Why can't I use std::begin/std::end with int(*p)[3] while I can with int(&p)[3]?

Question

This works:

void foo(int (&a)[3]) {
    auto ibegin = begin(a);
    auto ebegin = end(a);
}

While this doesn't:

void foo(int (*a)[3]) {
    auto ibegin = begin(a);
    auto ebegin = end(a);
}

I consider int (&a)[3] and int (*a)[3] have the same meaning!

Answer 1

Your code is analogous to:

void foo(vector<int>& a) {
    auto ibegin = begin(a);
    auto ebegin = end(a);
}

void foo(vector<int>* a) {
    auto ibegin = begin(a);
    auto ebegin = end(a);
}

The first one works and the second one doesn't for the same reason as it works on int (&a)[3] and doesn't on int (*a)[3]. When you're using pointers to collections instead of references, you need to dereference them when you pass them to the standard library's begin/end.

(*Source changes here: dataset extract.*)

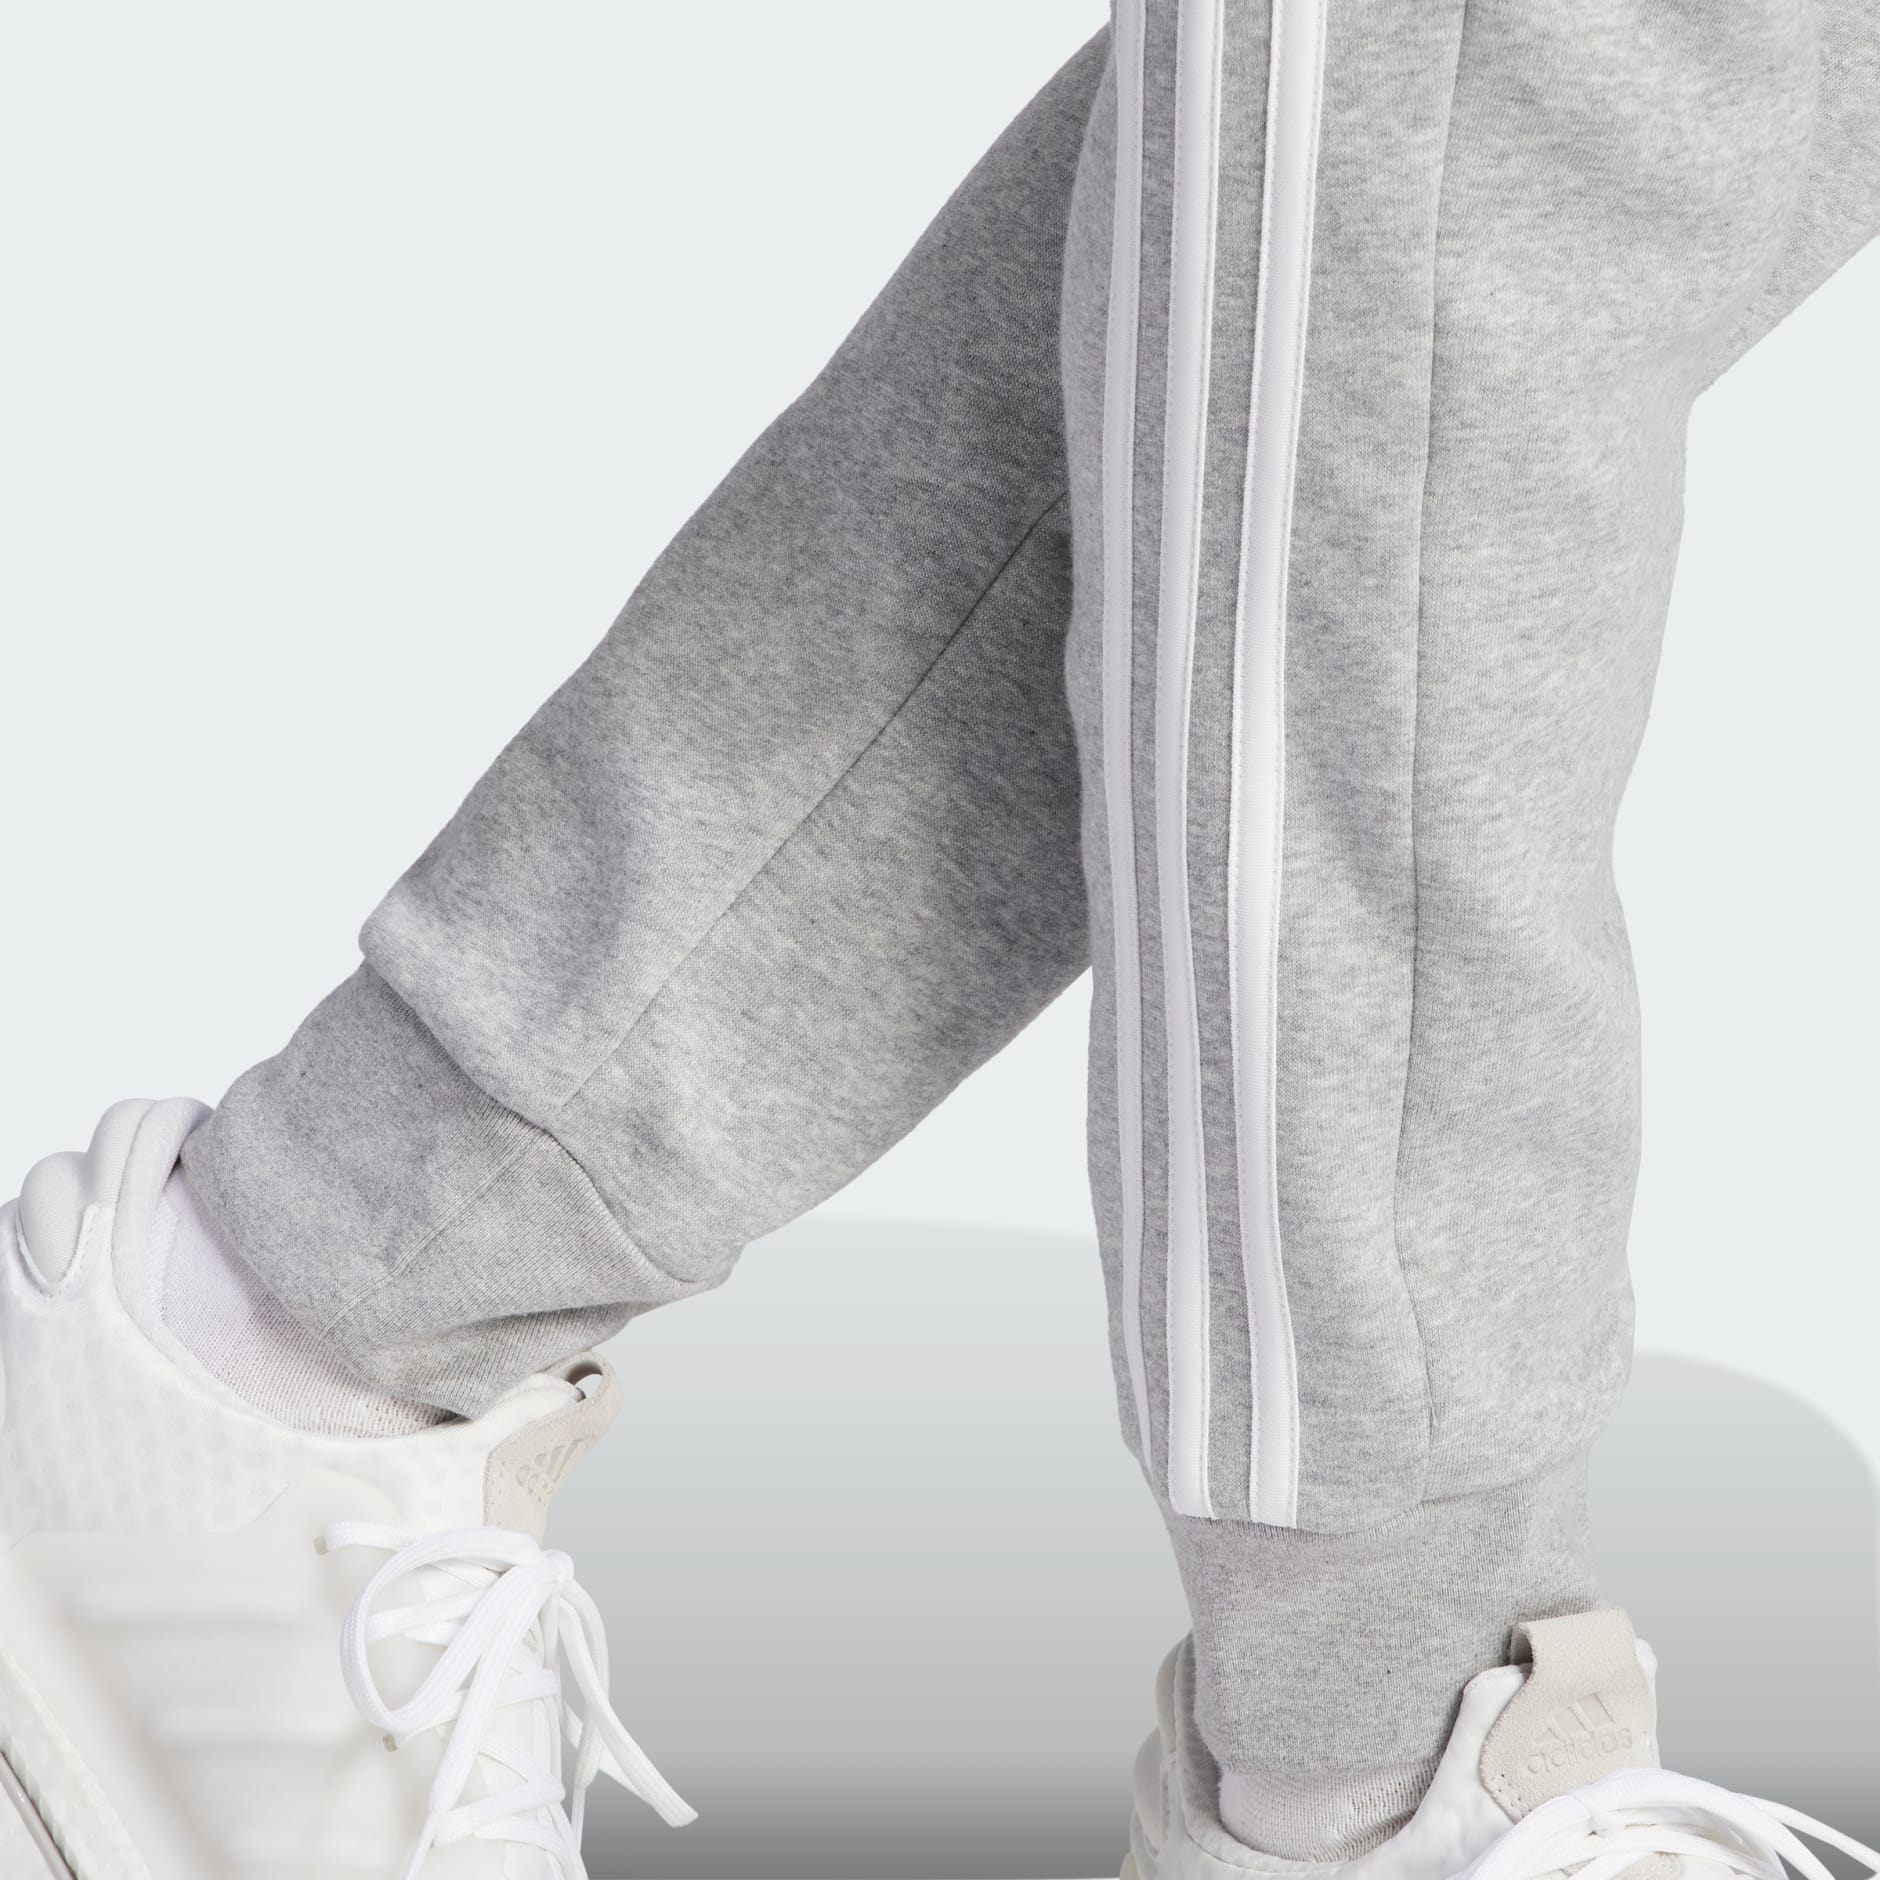 TZ Fleece Pants Grey Cuff adidas - Essentials 3-Stripes adidas Tapered |

void foo(vector<int>* a) {
    auto ibegin = begin(*a);
    auto ebegin = end(*a);
}

void foo(int (*a)[3]) {
    auto ibegin = begin(*a);
    auto ebegin = end(*a);
}

Answer 2

I consider int (&a)[3] and int (*a)[3] have the same meaning!

Absolutely not. int (&a)[3] declares a reference to array, and int (*a)[3] declares a pointer to array. These are different in most of the same ways a reference to int and a pointer to int are different. (Though when C-style arrays are involved, the automatic array-to-pointer conversion sometimes complicates things.)

Answer 3

I consider int (&a)[3] and int (*a)[3] have the same meaning!

No! The first one is a reference to an array, the second is a pointer to an array.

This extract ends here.